Algeria's procurement practices make minimal use of counter-trade, laws to encourage local production, or non-competitive bidding practices.
Although Algeria's customs operations are being modernized, in many instances administrative procedures remain arduous. Algerian imports are subject to payment of ad valorem customs duties ranging between 3 percent and 40 percent. A value-added tax of 7, 14, or 21 percent is levied on imports, which are also subject to another import tax, the Taxe Specifique Additionnelle (TSA). This tax ranges from 20 percent to 110 percent. While the VAT is based on the import's purchase price plus customs duties, the TSA excludes the latter in its calculation, and applies primarily to luxury goods.
Algeria's Post, Telephone, and Telecommunications Ministry maintains a monopoly on all telecommunications services. The production, importation, and distribution of equipment are open to the private sector. In the second half of 1999, the Algerian Stock Exchange opened for trading activities. The Exchange, which has a weekly trading session, only lists several companies.
Import licenses are not required, but the importation of certain luxury goods remains restricted because of the state-owned bank's unwillingness to provide all importers with the necessary documents to clear such items through customs.
Algeria's authorities have succeeded to remove virtually all export restrictions.
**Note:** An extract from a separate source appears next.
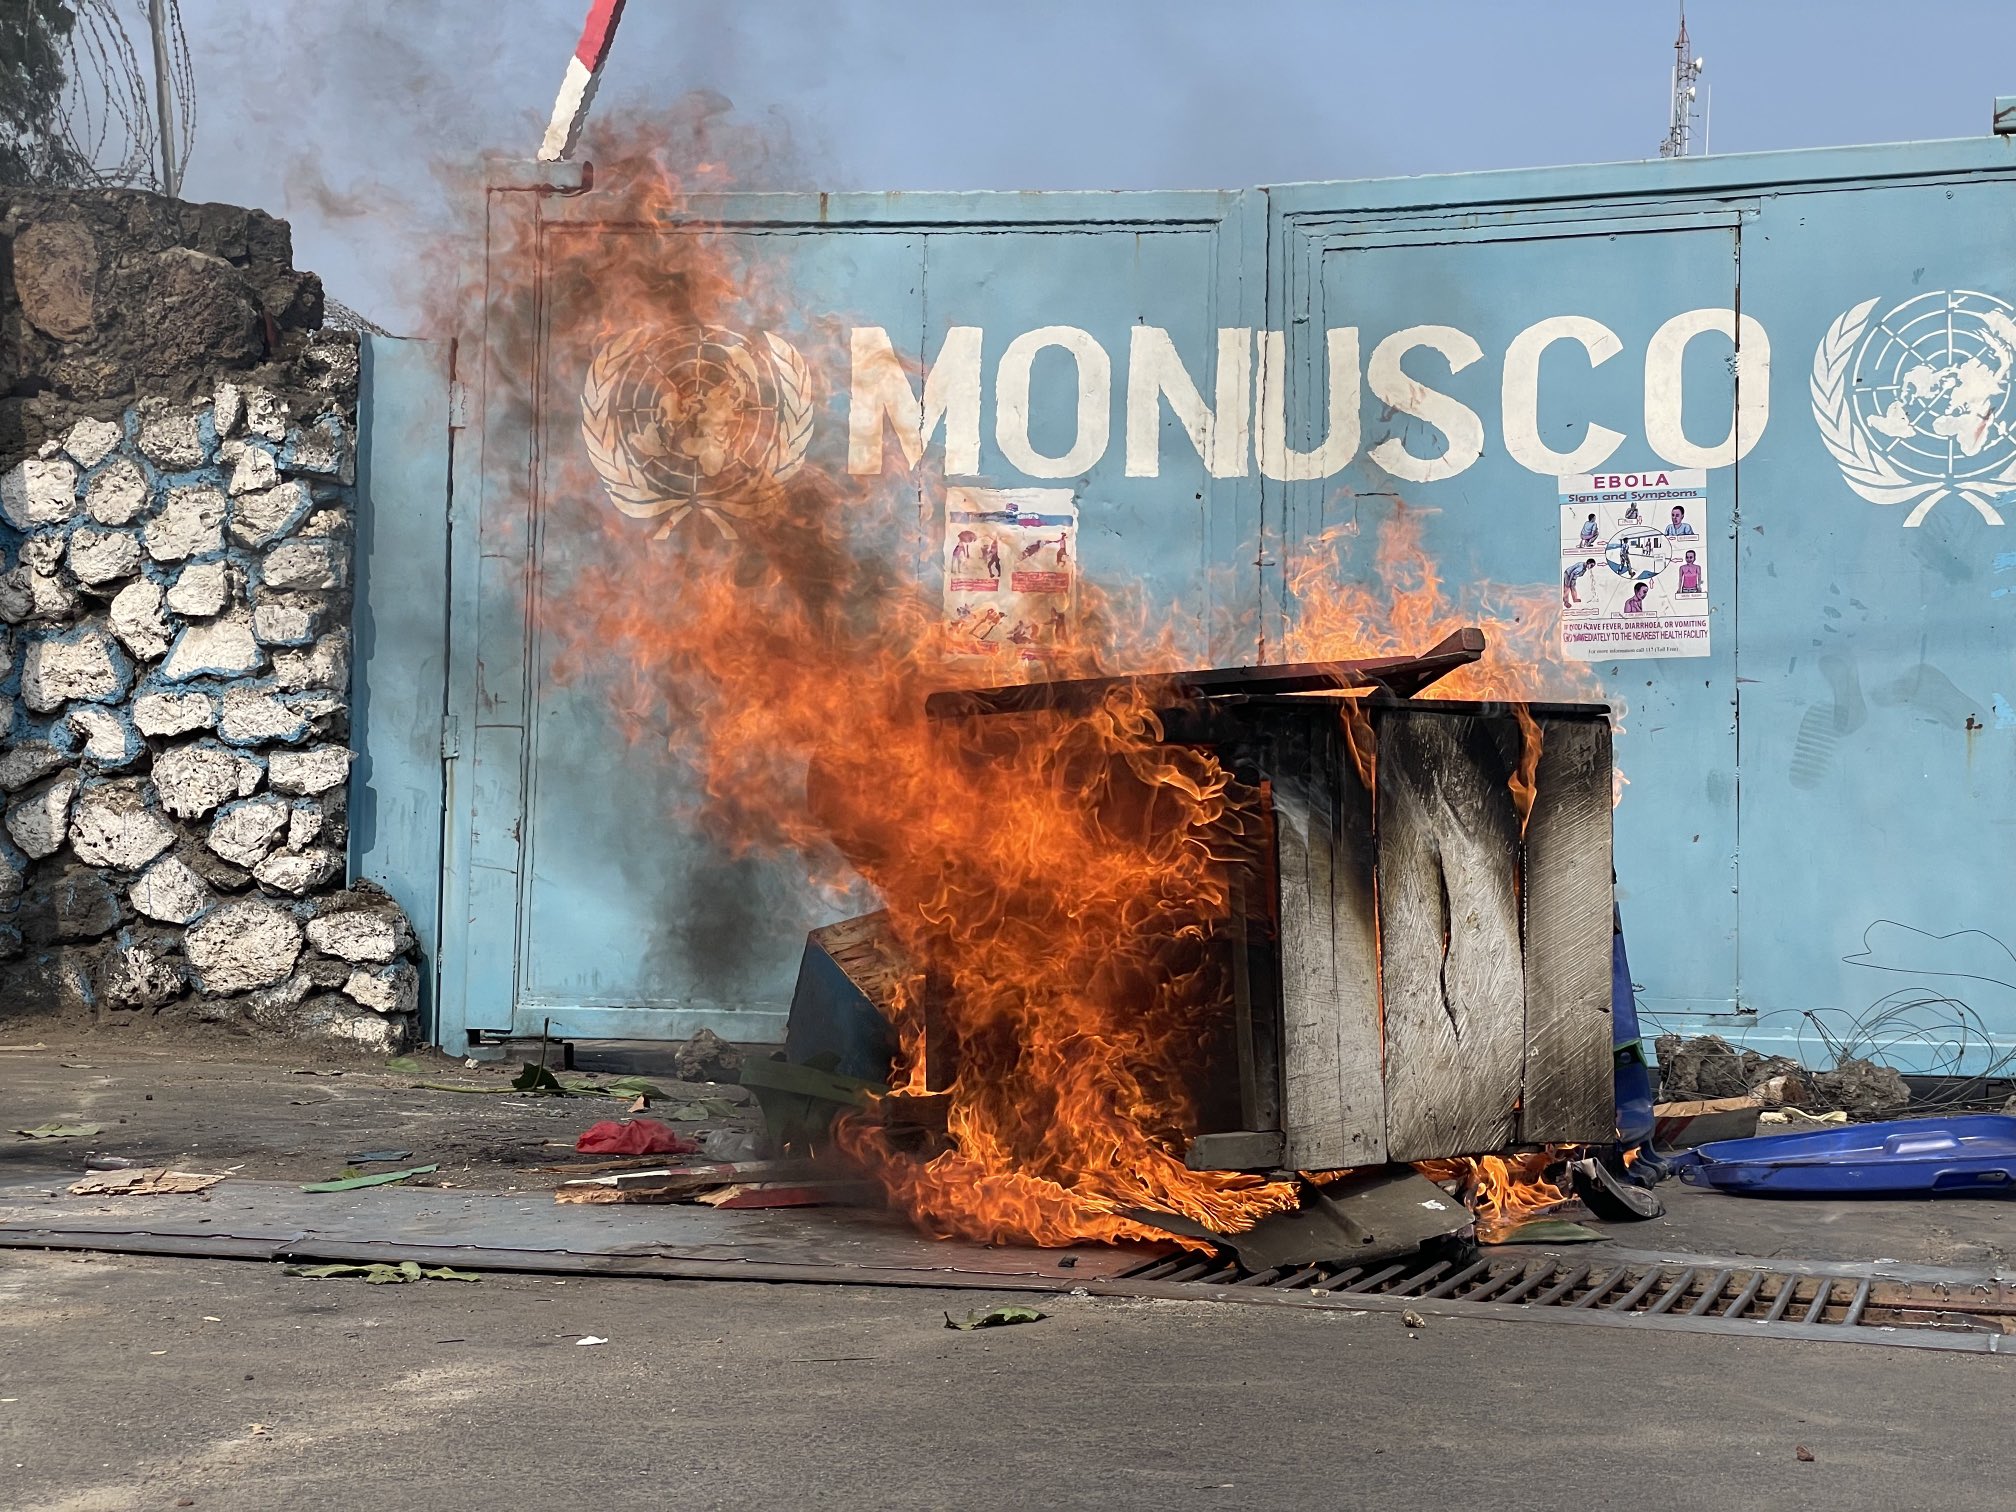 Hundreds of protesters attacked the offices of United Nations peacekeeping mission MONUSCO in Goma on Monday, demanding the withdrawal of the mission from the DRC.

The main exceptions include palm seedlings, sheep, and historical and archaeological artifacts. The Government is encouraging non-hydrocarbon exports, and has established the Algerian Export Insurance and Guarantee Company.
Equipment and machinery brought into Algeria temporarily for the purpose of a specific project or exhibition are exempt from payment of customs duties and taxes. In order to obtain such a waiver, importers must complete a customs form, which they must subsequently present to the customs authorities when the goods are re-exported.
All imported products must be labeled in Arabic. Imported drugs must receive authorization from the Ministry of Health and Population prior to being distributed locally. Such drugs must have been marketed in their country of origin prior to being sold in Algeria. Algeria's Customs Service has imposed more stringent controls over food imports, and regulates the minimum validity period of imported foodstuffs.
Free Trade Zones/Warehouses
In April 1997, the Government designated the site of Bellara (in the Jijel district, near the port of Djendjen) as a free trade zone. Foreign investors in this zone are exempt from taxes and customs duties.
Membership in Free Trade Arrangements
In 1989, Algeria, Tunisia, Morocco, Mauritania, and Libya formed the Arab Maghreb Union (UMA). The countries agreed on a free trade agreement, but no timetable has been established. Moreover, international sanctions imposed on Libya have rendered the UMA impotent. In 1998, Algeria finalized an association agreement with the European Union.